D. LEGISLATIVE FRAMEWORK
[25]Sections 42 to 44 of the Telecommunications Act create a qualified right for carriers to enter on public places in order to construct, maintain and operate their transmission lines. These provisions also confer power on the CRTC to grant carriers permission to construct lines, if they cannot obtain municipal consent on terms acceptable to them, and to resolve complaints by municipalities about carriers.
[26]Subsection 42(1) confers wide powers on the CRTC “in the exercise of its powers under this Act”. This provision is ancillary to powers conferred on the CRTC by other statutory provisions rather than the grant of an independent jurisdiction.
42. (1) Subject to any contrary provision in any Act other than this Act or any special Act, the Commission may, by order, in the exercise of its powers under this Act or any special Act, require or permit any telecommunications facilities to be provided, constructed, installed, altered, moved, operated, used, repaired or maintained or any property to be acquired or any system or method to be adopted, by any person interested in or affected by the order, and at or within such time, subject to such conditions as to compensation or otherwise and under such supervision as the Commission determines to be just and expedient.
[27]Subsection 43(2) authorizes carriers to “enter on and break up any highway or other public place” for the purpose of “constructing, maintaining or operating” [emphasis added] their lines and to “remain there for as long as is necessary for that purpose”.
43. (1) . . .
(2) Subject to subsections (3) and (4) and section 44, a Canadian carrier or distribution undertaking may enter on and break up any highway or other public place for the purpose of constructing, maintaining or operating its transmission lines and may remain there for as long as is necessary for that purpose, but shall not unduly interfere with the public use and enjoyment of the highway or other public place.
[28]The exercise of the rights created by subsection 43(2) is subject to subsections (3) and (4).
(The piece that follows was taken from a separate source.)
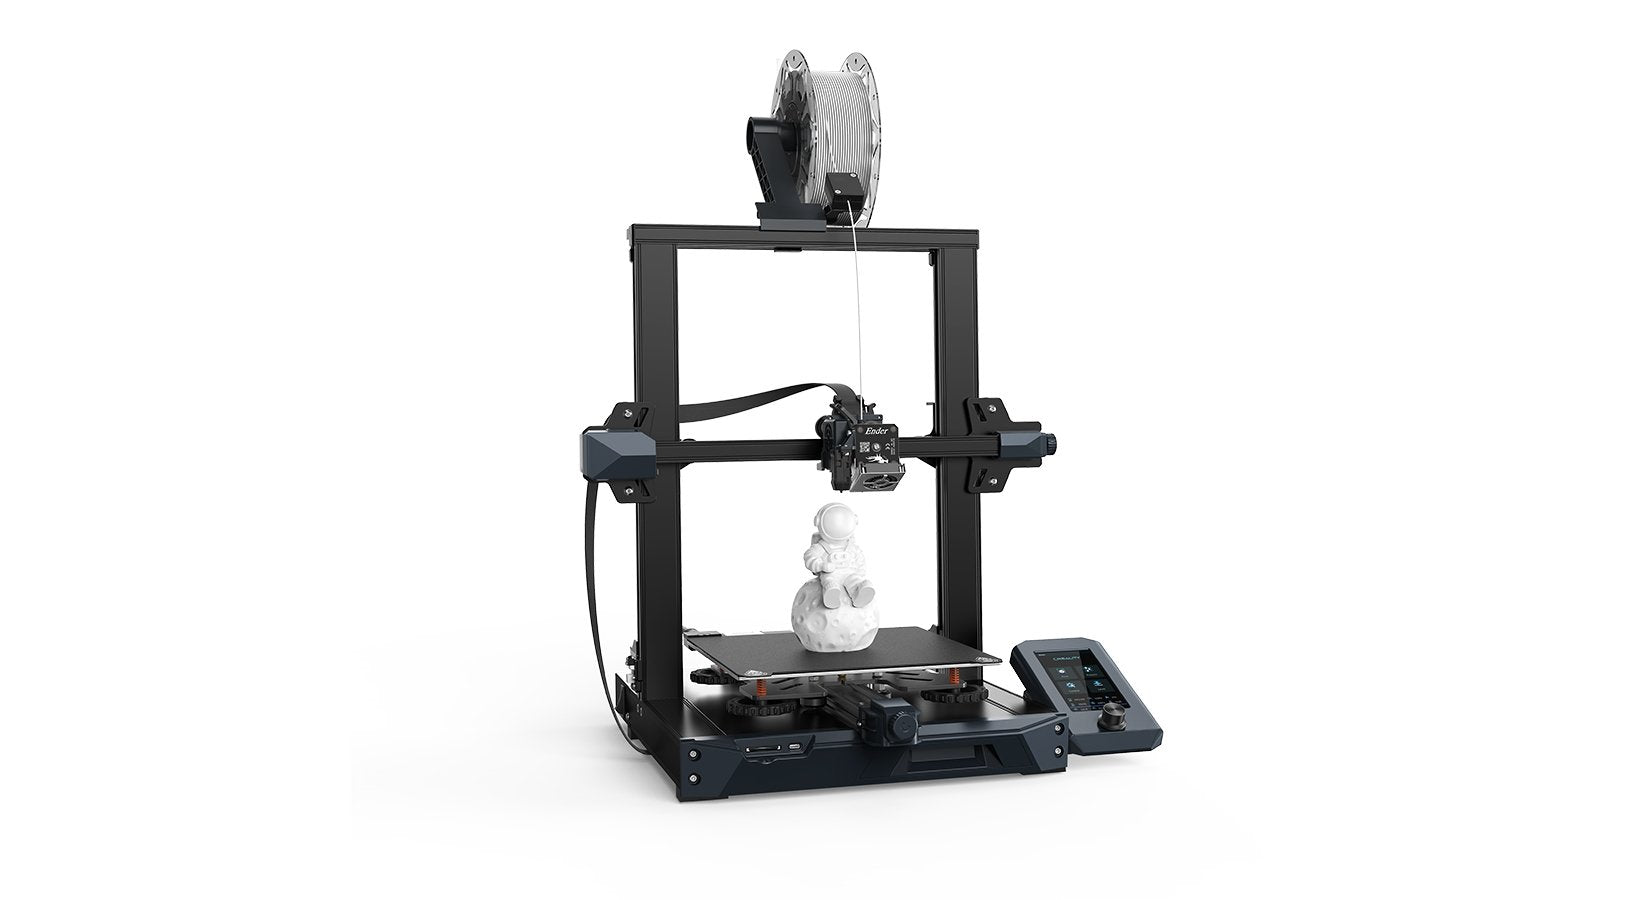 Creality Ender-3 S1 Plus Desktop 3D Printers - Specifications - 3D Printing
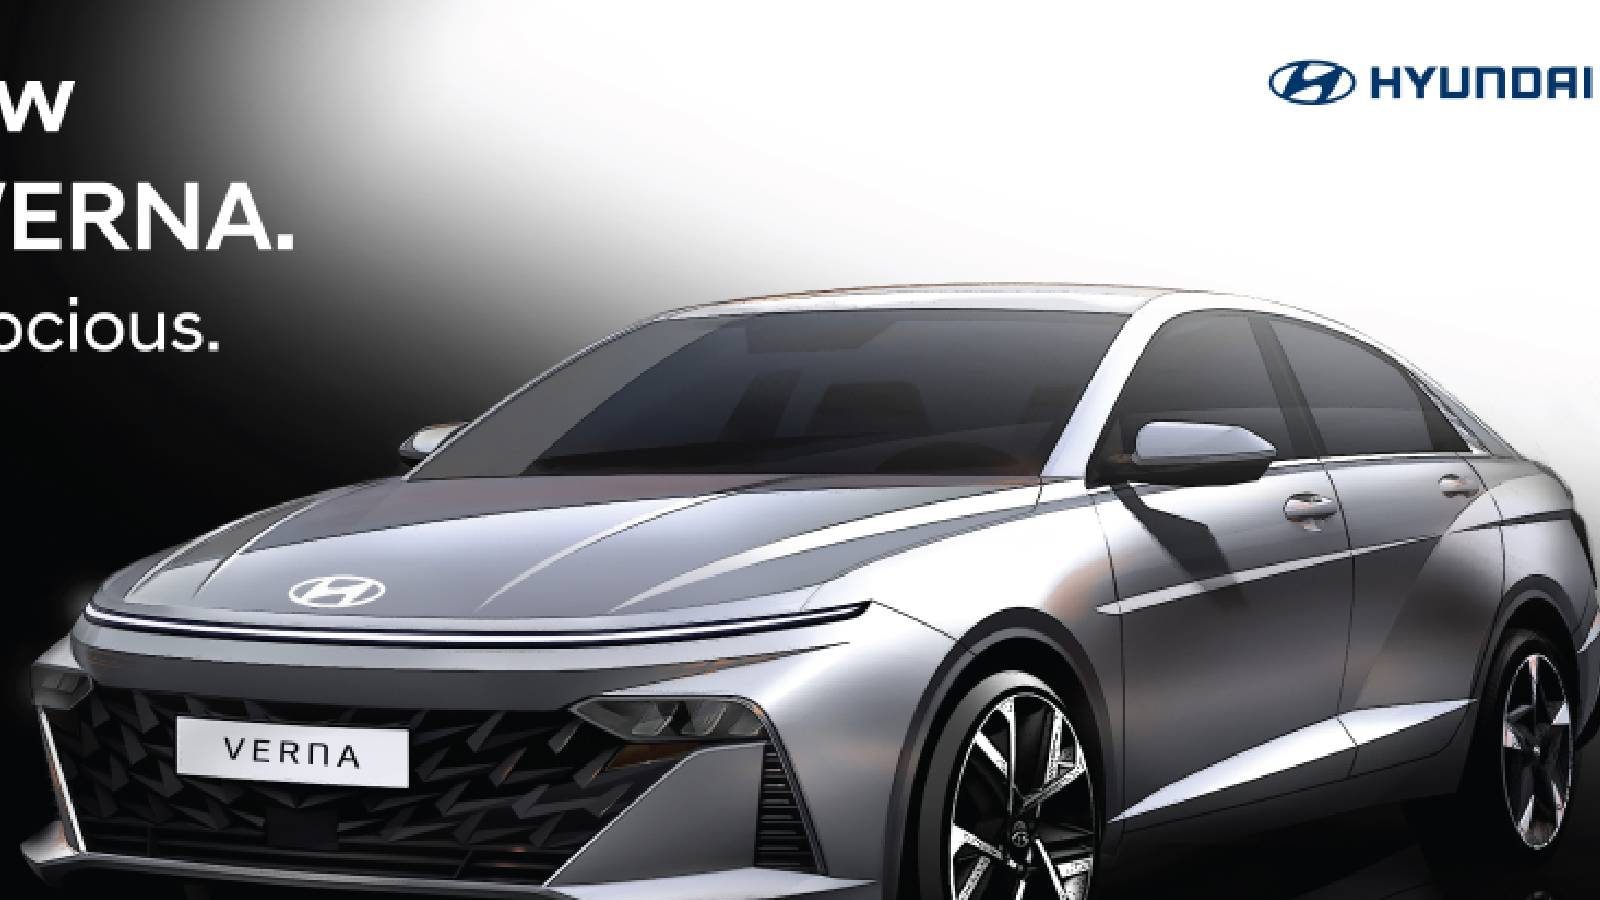 New Look Hyundai Verna 2017 Price, Launch, Interior, Specifications

Subsection 43(3) provides that no carrier may construct a transmission line “on, over, under or along a highway or other public place” without the consent of the municipality or other public body with jurisdiction over it.
43. . . .
(3) No Canadian carrier or distribution undertaking shall construct a transmission line on, over, under or along a highway or other public place without the consent of the municipality or other public authority having jurisdiction over the highway or other public place.
[29]When a carrier cannot obtain a municipality’s consent “on terms acceptable to it” “to construct a transmission line on . . . a highway or other public place” [emphasis added], it may apply to the CRTC for permission to construct it. The CRTC has an unqualified power to grant the permission “subject to any conditions that the Commission determines”.
43. . . .
(4) Where a Canadian carrier or distribution undertaking cannot, on terms acceptable to it, obtain the consent of the municipality or other public authority to construct a transmission line, the carrier or distribution undertaking may apply to the Commission for permission to construct it and the Commission may, having due regard to the use and enjoyment of the highway or other public place by others, grant the permission subject to any conditions that the Commission determines.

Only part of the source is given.